If there’s an opportunity to support a floor truss midspan: (20 foot span with 14″ truss with no strongbacks or lateral bracing bridging, bouncy floor) with a perpidicular supporting wall that supports midspan at a verticle member of the webbing and not just the bottom chord in between webbing:
what is bad or can go wrong about doing that? (It would seem that suddenly it’s a 10 foot span far exceeding specs re strength/bounciness, etc)
THANKS!
Replies
^
If I'm understanding your situation correctly, then the support wall will take away your bouncy floor problem and would possibly be less expensive than strapping the existing.
Any wall built under the 20' span would change the span characteristics and give a stiffer floor. Two 10' wide rooms would seem to me to be narrow. I am assumming there is a basement!
Building even a 4' closet/storage area on one side will reduce the span to 16' and achieve the floor stiffening plus leave you a room that is 16' wide.
.................Iron Helix
"Building even a 4' closet/storage area on one side will reduce the span to 16'..."
With trusses, it isn't that simple. You can't just stick a bearing under one anywhere and expect it to work. That's O.K. with solid lumber and I-joists. But trusses are a different animal.
I can take a shot at posting some examples if you're interested.
I'd kill for a Nobel Peace Prize.
The man with the sharp eye takes the prize!

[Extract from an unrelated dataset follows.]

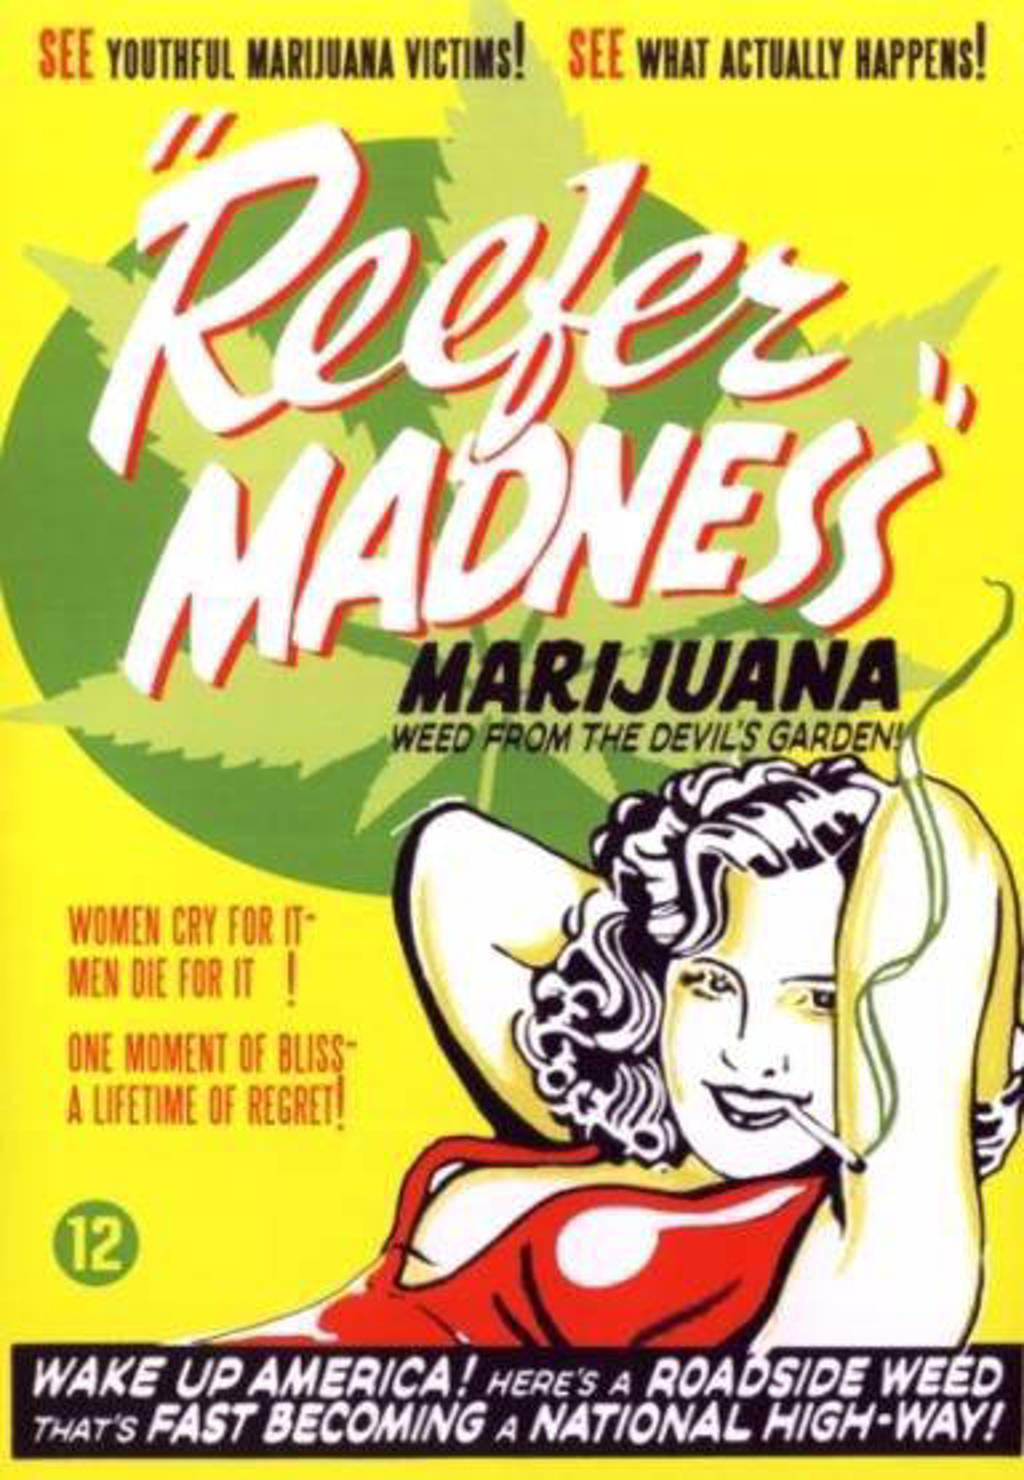 Reefer madness (DVD)

I jumped to I-Joist...not truss joist!
I retract my statement...and I'd like my crow medium well, Thank You! ;>)
............Iron Helix
PS....I would still propose a storage closet set at 5' out from one wall thus leaving a nice 15' room and still reduce the bounce problem.....will it work with those floor trusses?

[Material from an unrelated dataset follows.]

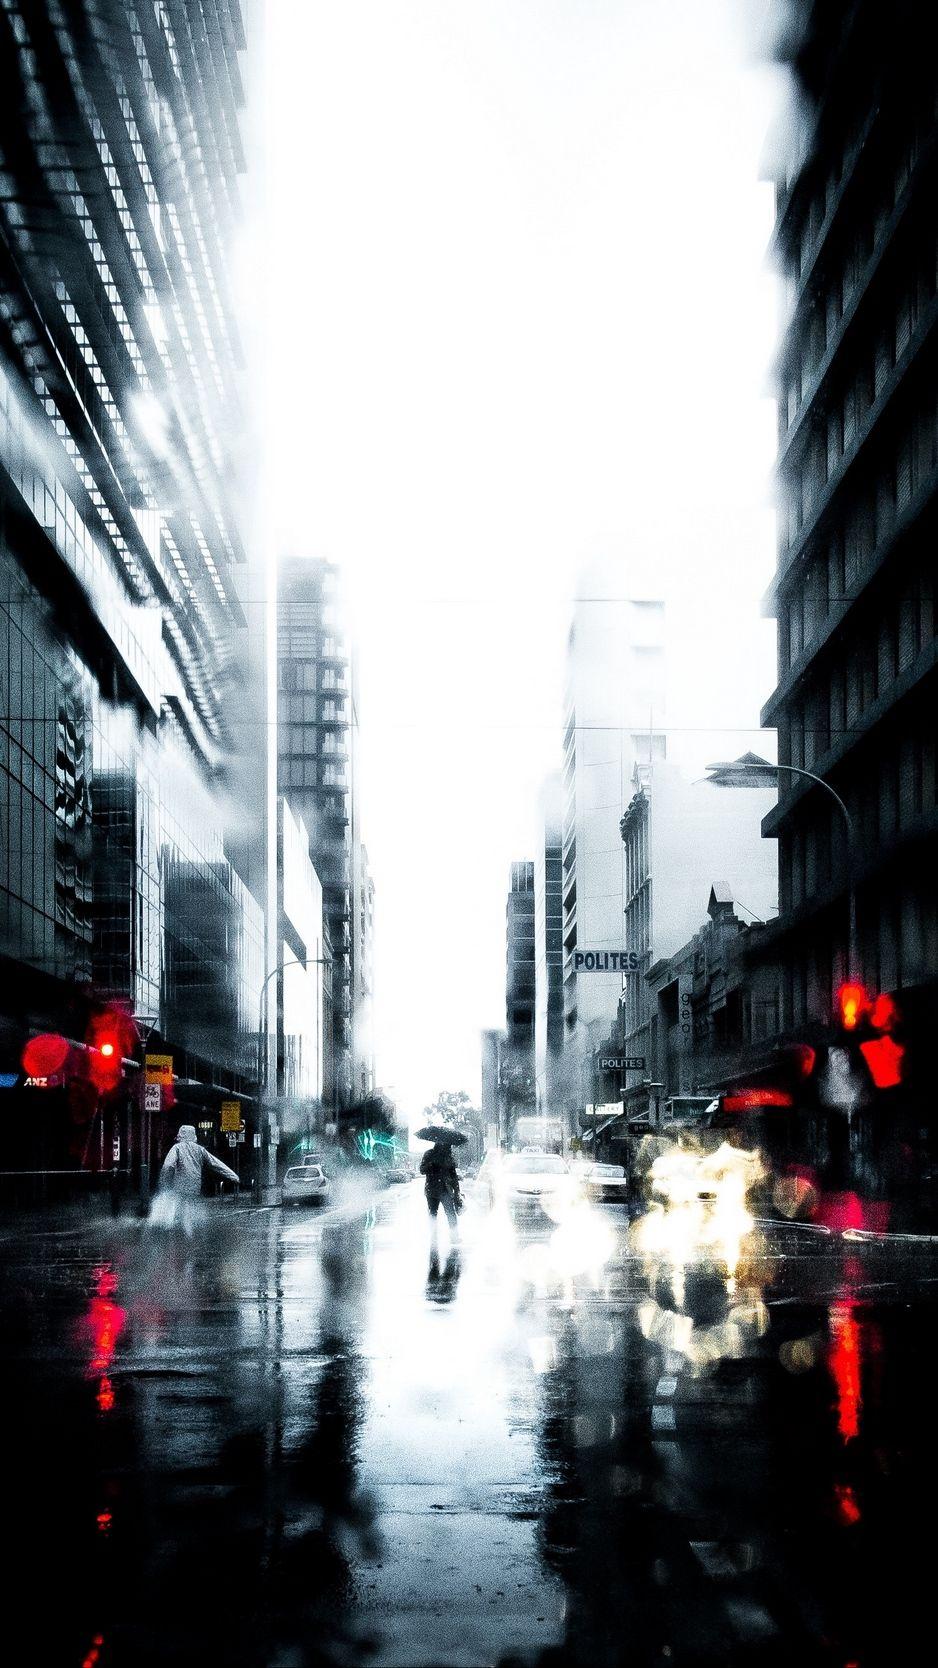 Silhouette Rain Loneliness City Wallpaper Background City Wallpaper Background City Lights Wallpaper

Edited 4/23/2005 7:41 am ET by Iron Helix
"I would still propose a storage closet set at 5' out from one wall thus leaving a nice 15' room and still reduce the bounce problem.....will it work with those floor trusses?"
Yes and no.
It probably would reduce the vibration. But it also introduces a whole different set of forces into the truss with an off-center bearing. You would get uplift at the end of the truss nearest the new bearing.
If he wanted to do that, I would suggest having the truss reviewed to see if it needed some reinforcement at a couple of the joints.
I that doesn't make sense let me know and I'll try to post an example.
Broken promises don't bother me at all. I just wonder why they keep believing me.
Makes good sense...now that I know what I'm talking about........Thanks
...............Iron Helix
Any good engineer will tell you that you can't do that without seeing how it will affect the truss overall. Adding a bearing reverses the forces in some of the webs, and may require different plate sizes on some of the joints.
But - I'm not a good engineer. (I'm not really an engineer at all) So I've given you the "official" position, now I'll tell ya what I think.
My first thought would be to say are you SURE you need the bearing wall? A 20' truss 14" deep should perform O.K. You said there's no strongbacks in the truss. How about putting some in? That should make a significant difference.
If you do put the wall in, I'd say it most likely will help and won't cause problems, with one exception: Is there a duct chase (rectangular opening) in the floor truss?
If there is, I wouldn't add the bearing. That could make for some interesting bending loads in the chords, and I don't really know what it would do. But it bothers me enough that I wouldn't recommend it.
Any chance you could post a picture of the truss?
In the absence of getting quick pictures, I tried to find an example on the internet but guess they don't make this kind any more.
Picture a triangle within a box, apex up: the vertical sides of the box occur at five feet intervals. The triangle base, then, is about 5 feet so the apex of the triangle is a 2.5 feet. That's all, nothing else: no squares in the middle for venting etc. There's 4 of these in the 20 foot span.
Thanks
So it looks like this?
View Image
And he disappeared in a puff of logic.
Exactly that. The verticals 5 feet apart so it's repeated 4 times over a twenty foot span. Thanks
Well, if you wanted me to stake my life on it being O.K. I probably wouldn't. But I don't know any reason it shouldn't work put O.K.I'd still suggest trying some 2X6 strongbacks first. There's a good chance that would do the trick and you wouldn't have to mess with the bearing wall.
Any twelve people who can't get themselves out of jury duty are not my peers.
If the pic is what you have, and you can put a bearing wall directly under the center, you will remove bounce.